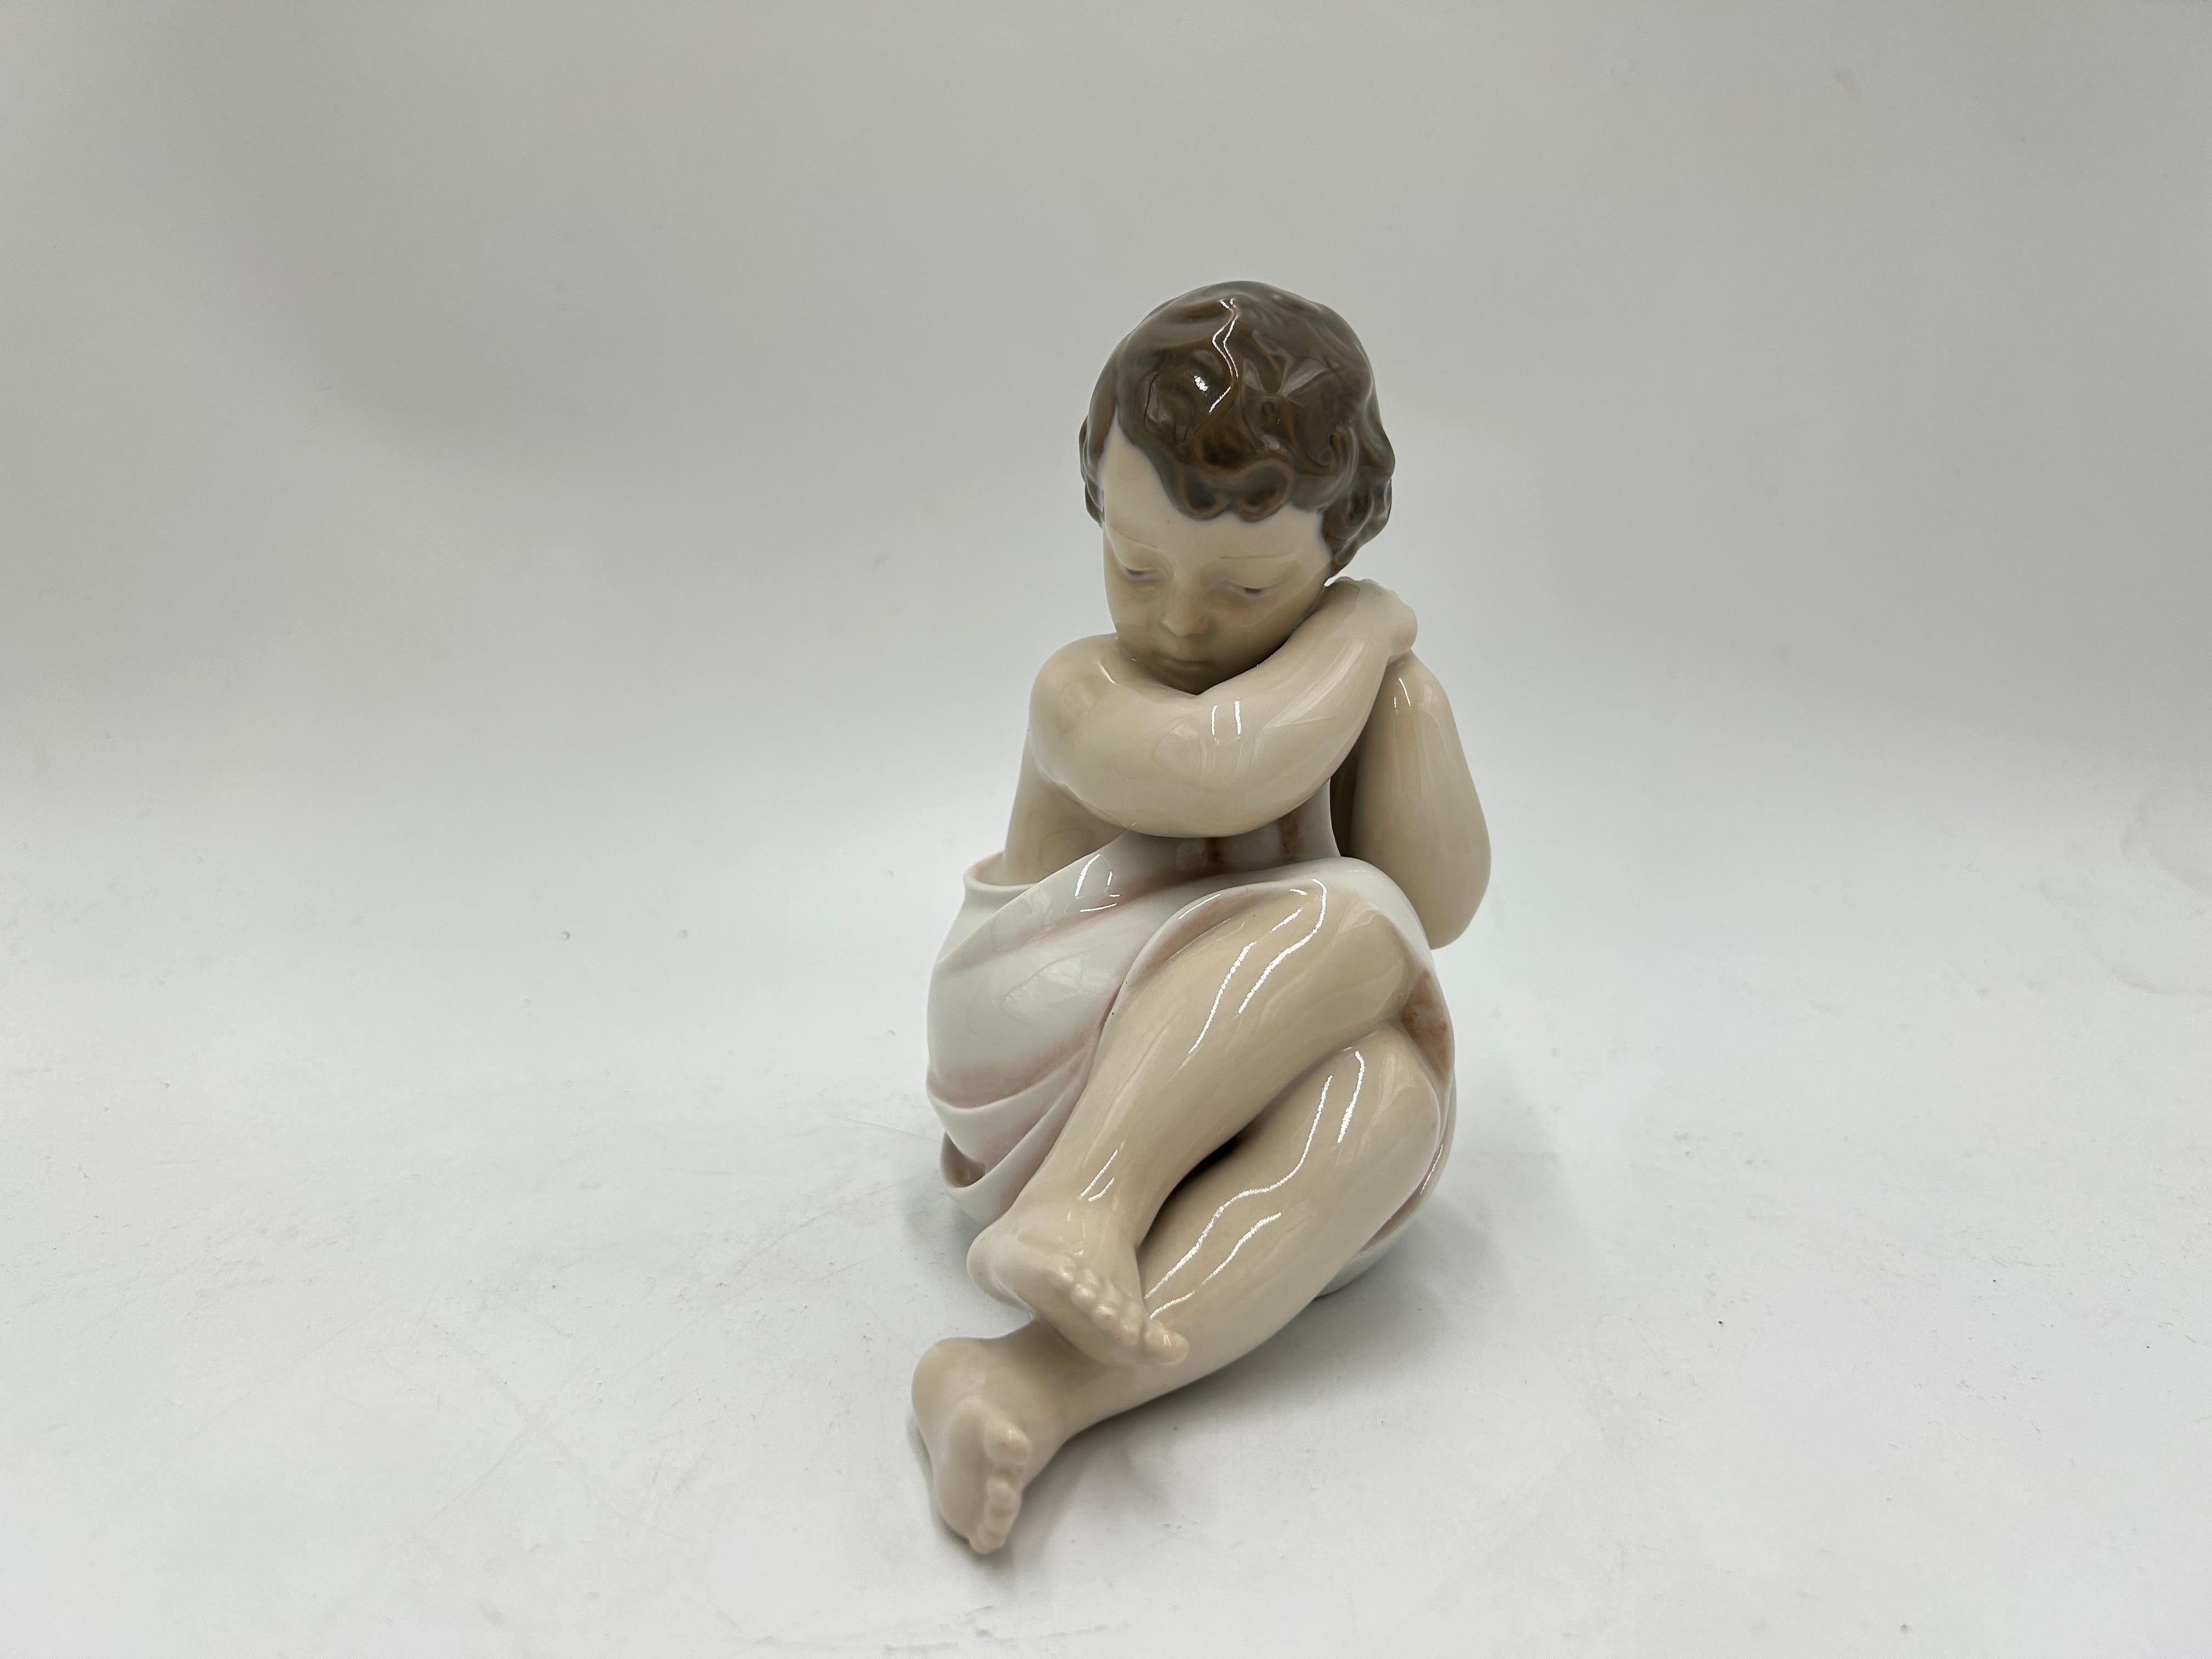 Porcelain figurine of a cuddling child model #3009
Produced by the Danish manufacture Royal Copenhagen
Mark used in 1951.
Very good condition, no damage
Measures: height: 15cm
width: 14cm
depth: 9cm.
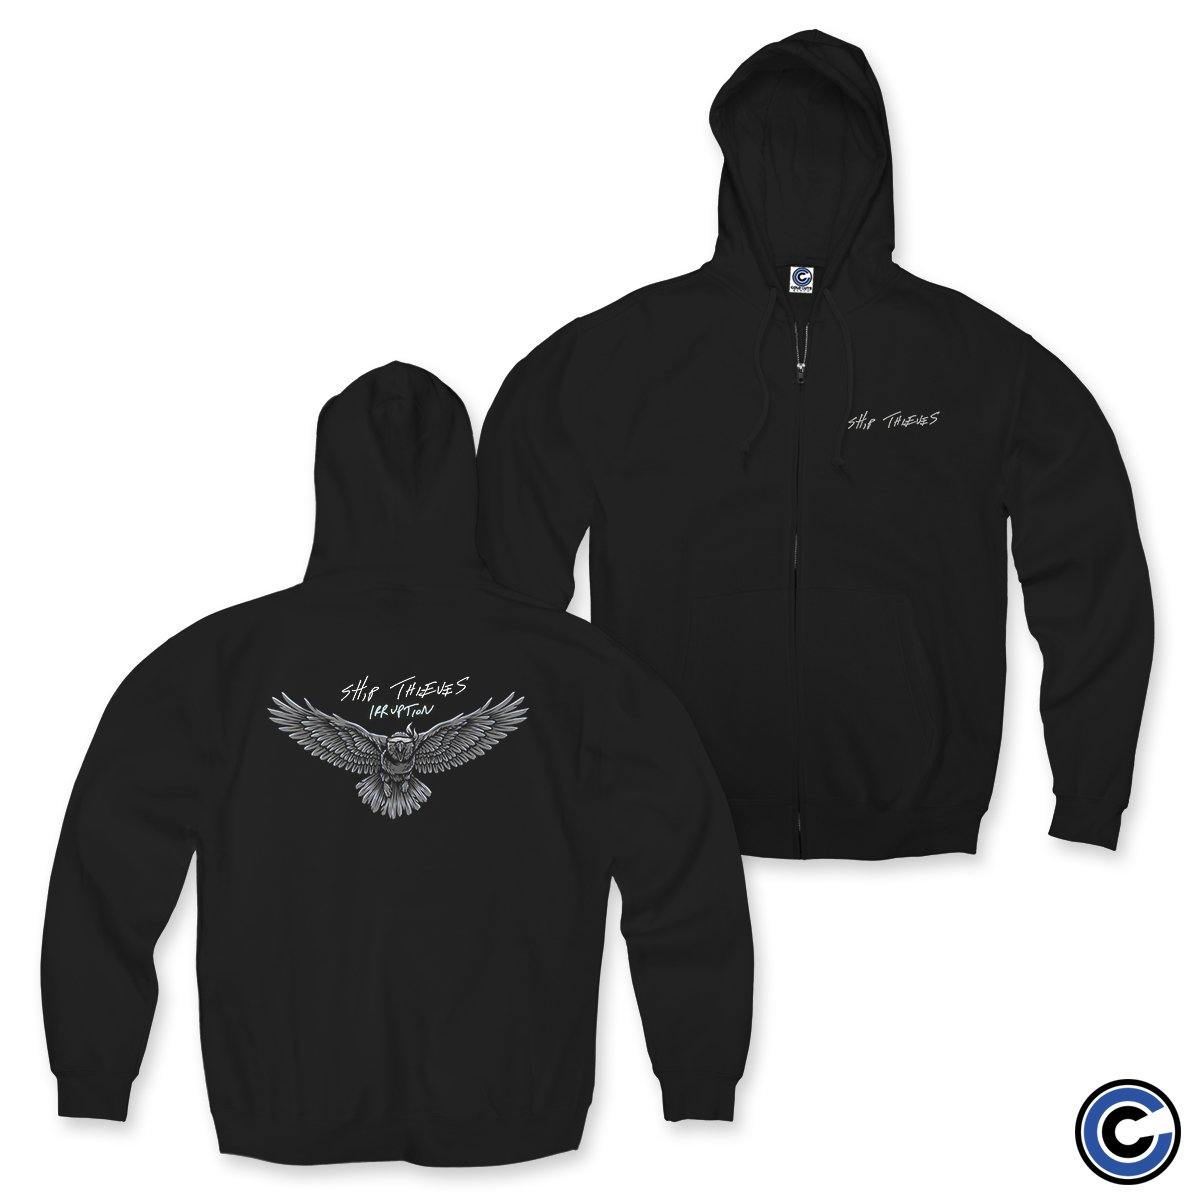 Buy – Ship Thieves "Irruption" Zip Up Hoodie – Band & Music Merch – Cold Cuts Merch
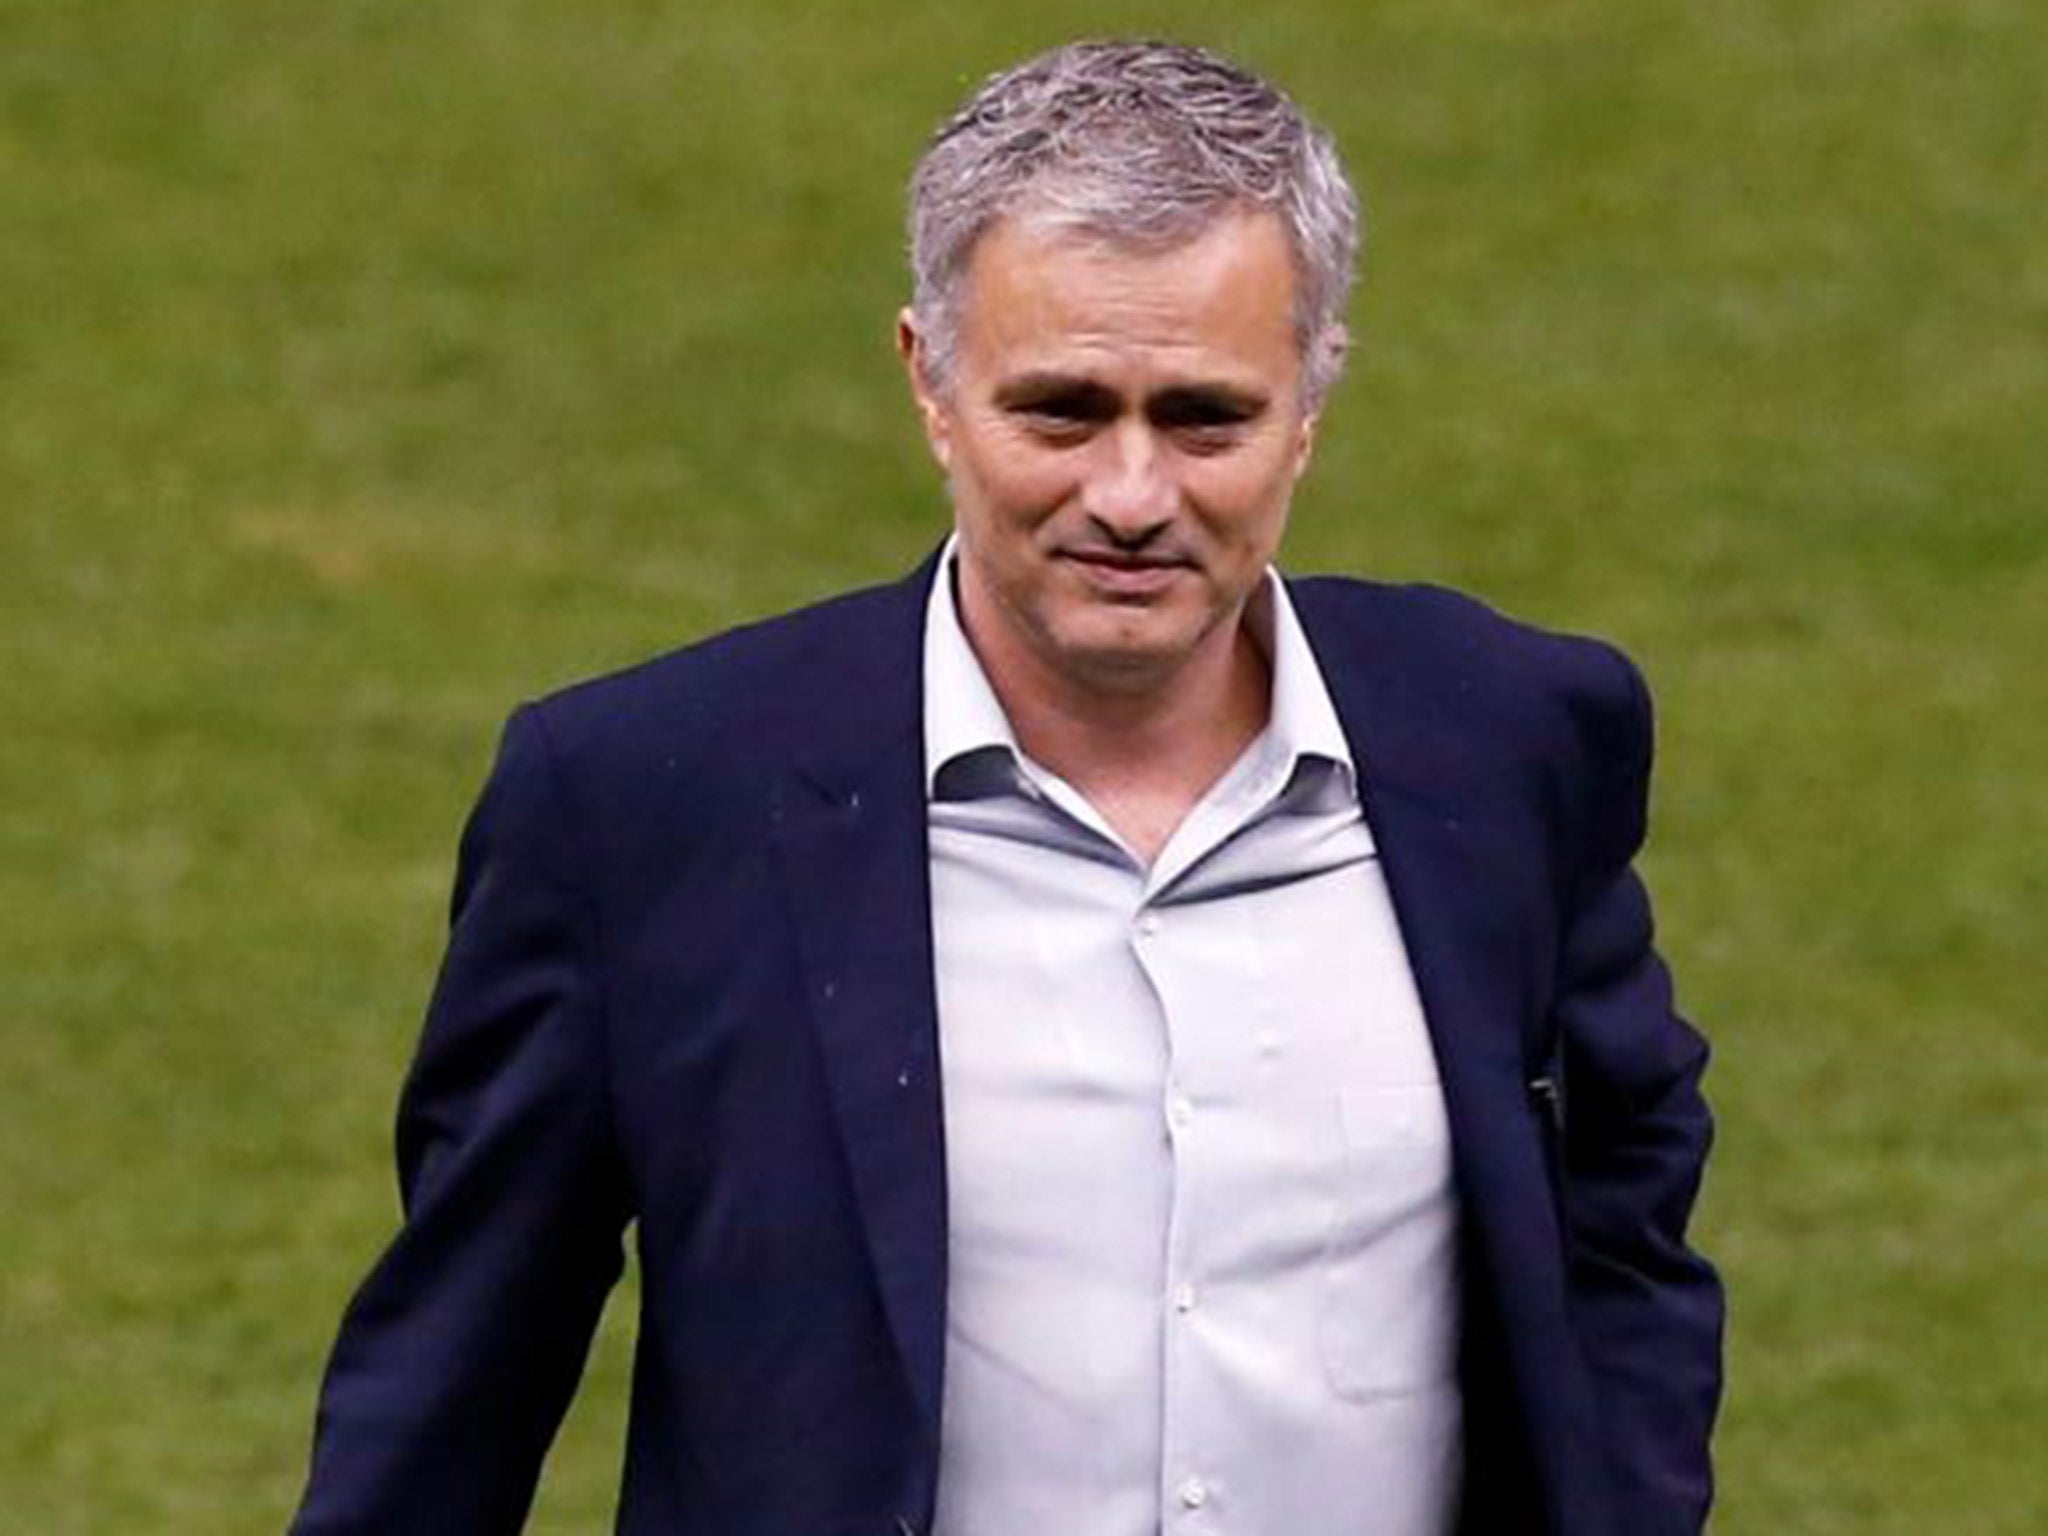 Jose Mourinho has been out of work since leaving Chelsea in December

++++++++

### Try it
Give the data above again exactly. Leave the pictures out.

### Result of the task
 Porcelain figurine of a cuddling child model #3009
Produced by the Danish manufacture Royal Copenhagen
Mark used in 1951.
Very good condition, no damage
Measures: height: 15cm
width: 14cm
depth: 9cm.
 Buy – Ship Thieves "Irruption" Zip Up Hoodie – Band & Music Merch – Cold Cuts Merch
 Jose Mourinho has been out of work since leaving Chelsea in December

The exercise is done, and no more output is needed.